Micromodules against microplastic pollution
Fig. 1: Micro-module with integrated nonlinear crystal and reference interferometer arm.
Fig. 2: Signal photon spectrum with visible oscillations introduced by quantum interference.
Microplastic particles are increasingly coming to public awareness as a potential risk to animal and human health. These particles are found in various forms and originate from numerous sources. The term “microplastic” itself refers to a wide range of polymers that vary in shape and size. Hence, current efforts to qualify and quantify microplastics require massive efforts in collecting samples before analysis through standard methods is possible. Typically, such plastic particles are analyzed in a spectral region above 3 µm in wavelength, necessitating costly equipment that often has relatively low performance.
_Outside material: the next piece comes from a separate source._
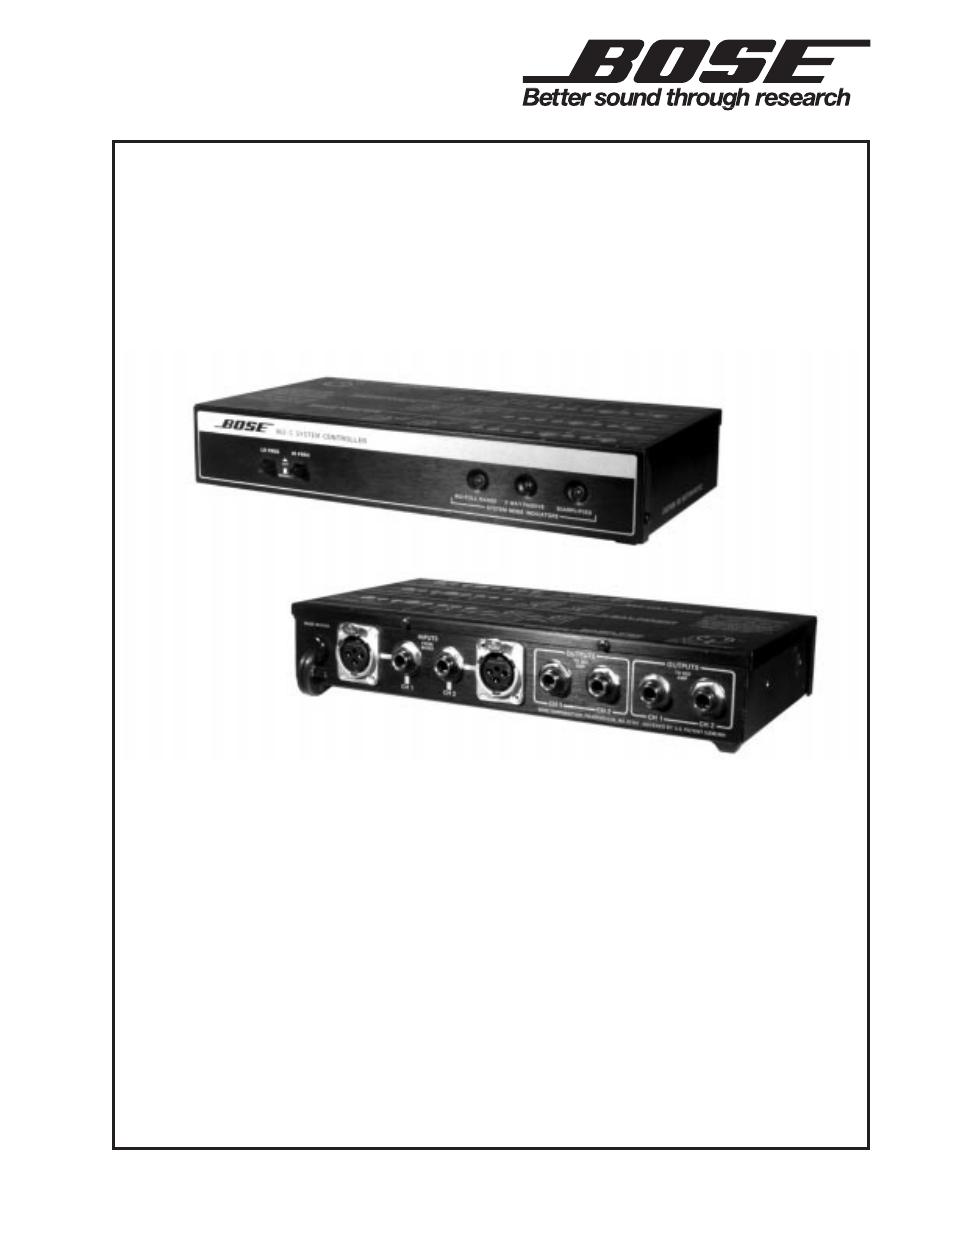 bose 802c user manual 20 pages rh manualsdir com bose 802c-ii system controller user manual bose 802c system controller manual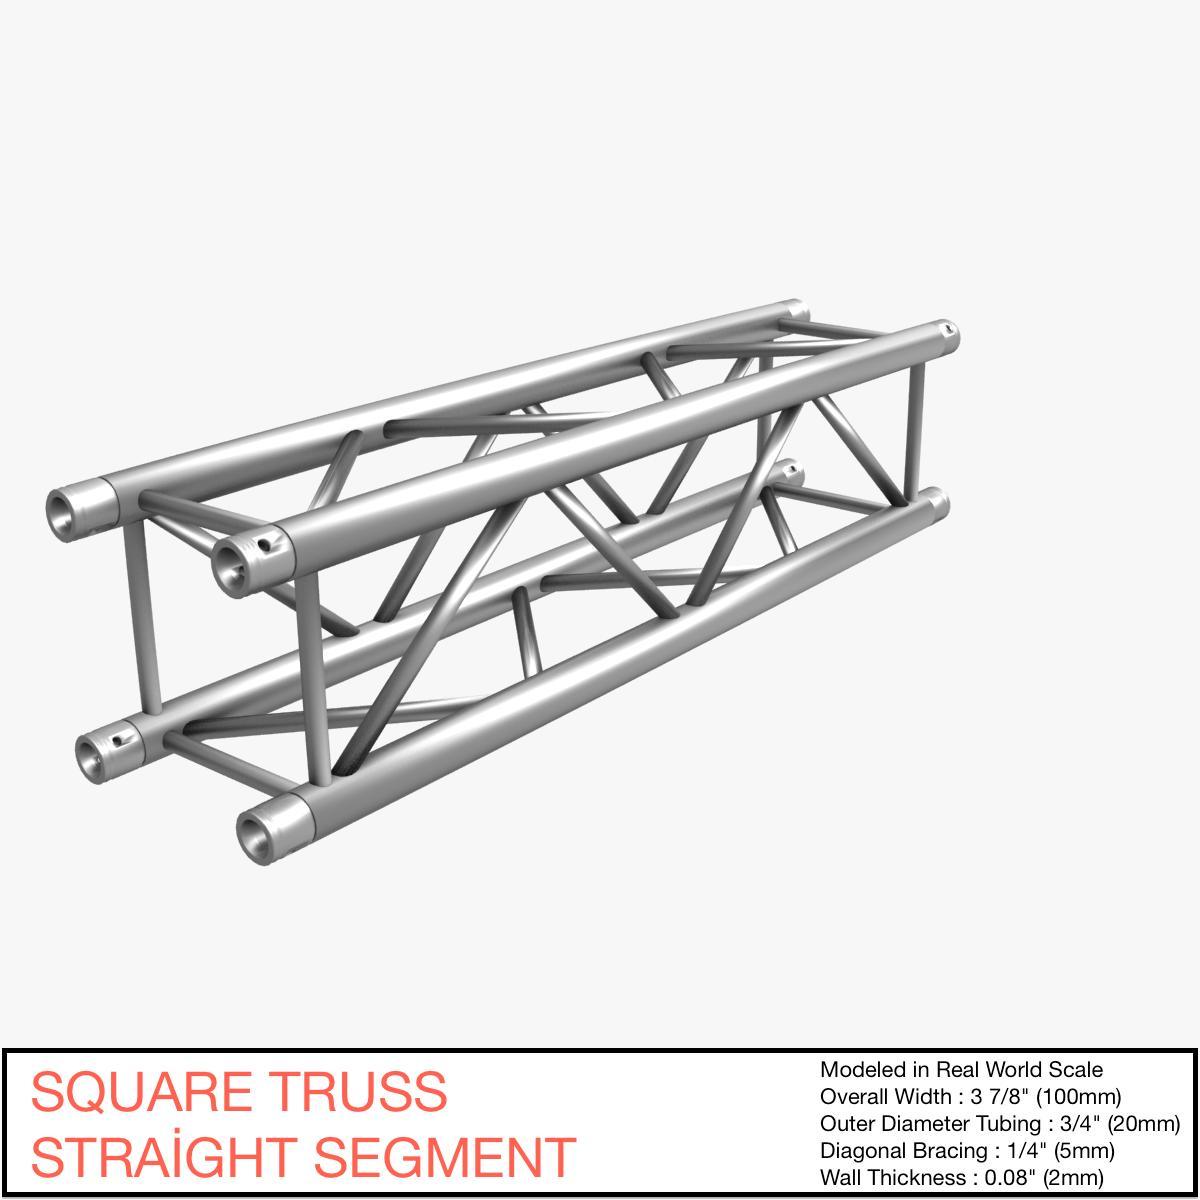 0-30-21-SquareTrussStraightSegment-21.jpg Download free STL file Square Truss Straight Segment 21 • 3D printable object, akerStudio

To address these challenges in detecting microplastics, the Ferdinand-Braun-Institut has explored a new approach.
To the best of our knowledge, we have successfully manufactured the world’s first micro-integrated quantum interferometer module suitable for mobile detection of microplastics (Fig. 1). This compact module, with a footprint of only 98 x 75 mm², combines a nonlinear crystal and a Michelson interferometer for Spontaneous Parametric Down Conversion (SPDC). By analyzing “undetected photons,” the introduced micromodule enables probing in the MIR spectral range while requiring only NIR radiation analysis with standard and compact equipment.
Quantum interference, the enabling effect of this technological approach, has been demonstrated with a visibility greater than 30 % (Fig. 2). Simultaneously, SPDC photon pairs were generated with an efficiency of > 109 / W of pump power. Driven by 720 nm pump radiation, photon pairs at spectral ranges of λs ≈ 890 – 930 nm and λi ≈ 3.2 – 3.6 µm for signal and idler have been generated.
The results obtained with this module allow for further field testing to qualify and quantify microplastics in aqueous solutions, such as sewage water. With its innovative design and effective approach, this technology has the potential to improve the accessibility and performance of microplastic detection with unparalleled efficiency, addressing significant environmental and health concerns.
This work is sponsored by the German Federal Ministry of Education and Research (BMBF) within the project “Sim-QPla” (FKZ 13N15943).